I bow to no one in my adoration for
Drive-Away Dykes, which a recent run back through much of the Coens oeuvre has confirmed I do in fact like it more than any of the others (and those are almost uniformly terrific). But
Honey Don’t is indeed a much tougher sell and a worse movie; surprised your social media was largely positive on it, mine has mostly taken so poorly to it that they’ve started being openly homophobic to Tricia Cooke over it. I must say I disagree with your view of this playing its lesbianism for mean yuks, the beads and the knitting are funny but only because they’re awesome and so matter-of-fact (I dunno that “empowering” is entirely the right word for this kind of silly smut, but you get the idea). But also it’s undeniably getting itself in bleaker and much more troublesome waters than the fast-and-loose b-movie template (certainly runtime) can handle. The ending is I think a
fascinating idea and an unpalatable one, the very queer (at least in my circles) urge to see a seed of yourself in Buffalo Bill. The execution is a whiff to say the least but it’s still sticky, not cohering everything before by a long shot but
seriously engaging with the fact of so much of queer life being abuse, often from inside the house. It makes sense that it could birth such a monster, even as unbelievable a one as poor Aubrey Plaza is saddled with.
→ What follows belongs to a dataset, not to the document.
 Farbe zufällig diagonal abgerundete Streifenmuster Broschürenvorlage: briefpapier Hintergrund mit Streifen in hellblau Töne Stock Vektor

Dykes had a similarly striking political dimension, invoking the threat of real-world harm that amplifies when crossing certain state lines but never breaking the exuberant silliness, just complicating it a little between the laughs and the swoons. That movie works so perfectly, through the deliberate jankiness and hilarious padding to 76 minutes before credits, as a straightforward rom-com with no Coens quotation marks.
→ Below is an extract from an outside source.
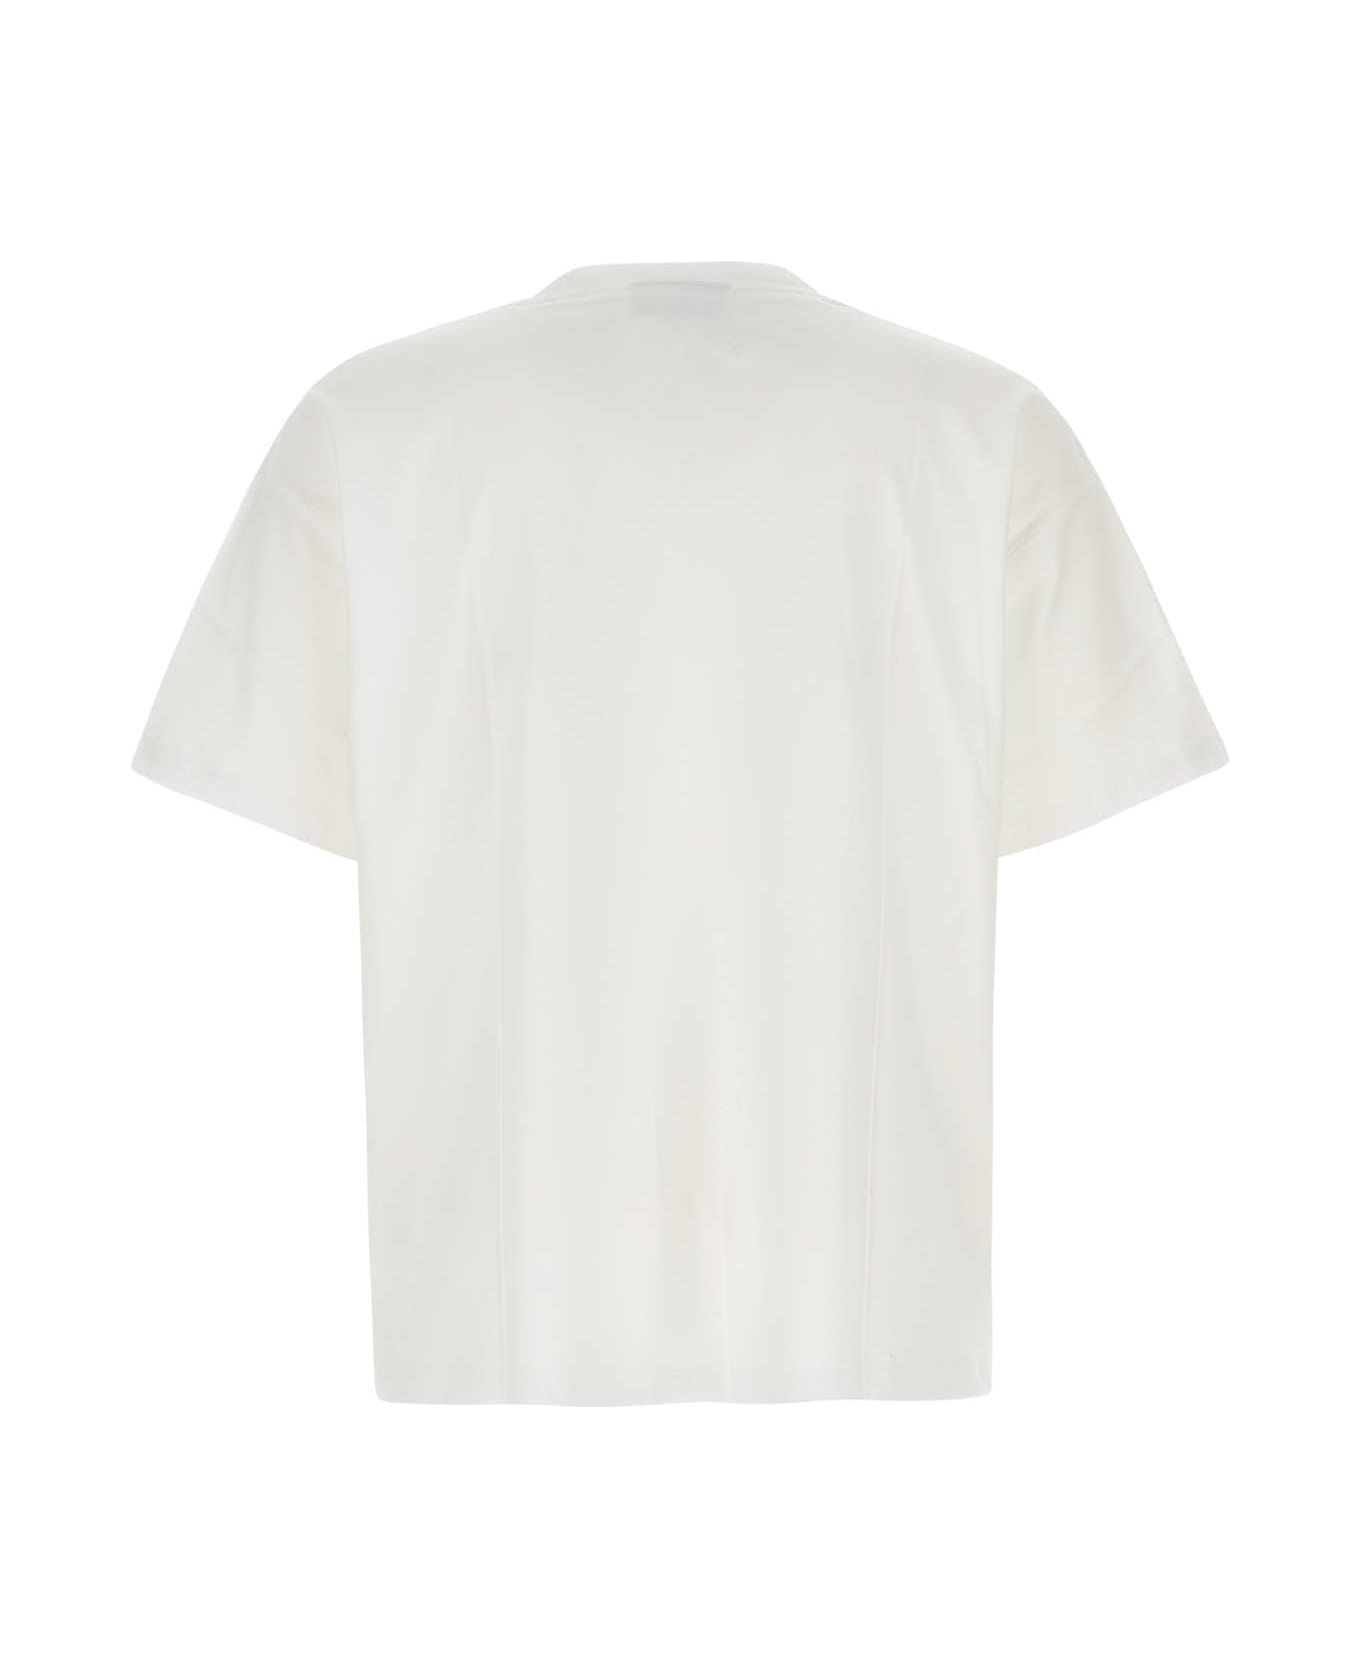 VTMNTS White Cotton Oversize T-shirt - WHITE シャツ

Honey Don’t, meanwhile, is all horrible, unfunny things intruding on the comedic tone, which isn’t untruthful as a depiction of the state of lesbian affairs in these last two years. But even the most positive responses to this often hit a note of “I liked that it wasn’t any fun”, which is true but far from a defense made to convince someone else.
I do think Qualley is incredible in it, for what a grim cartoon this can be she does lesbian Bogart with total naturalistic movie-star ease, far from the dialed-to-10 Coensy Texas girl. What she’s selling isn’t easy (it does indeed capsize another actor), but she always performs best in dangerous, choppy waters. She really, really gets it, “it” is rarely something comfortable but she makes it so captivating.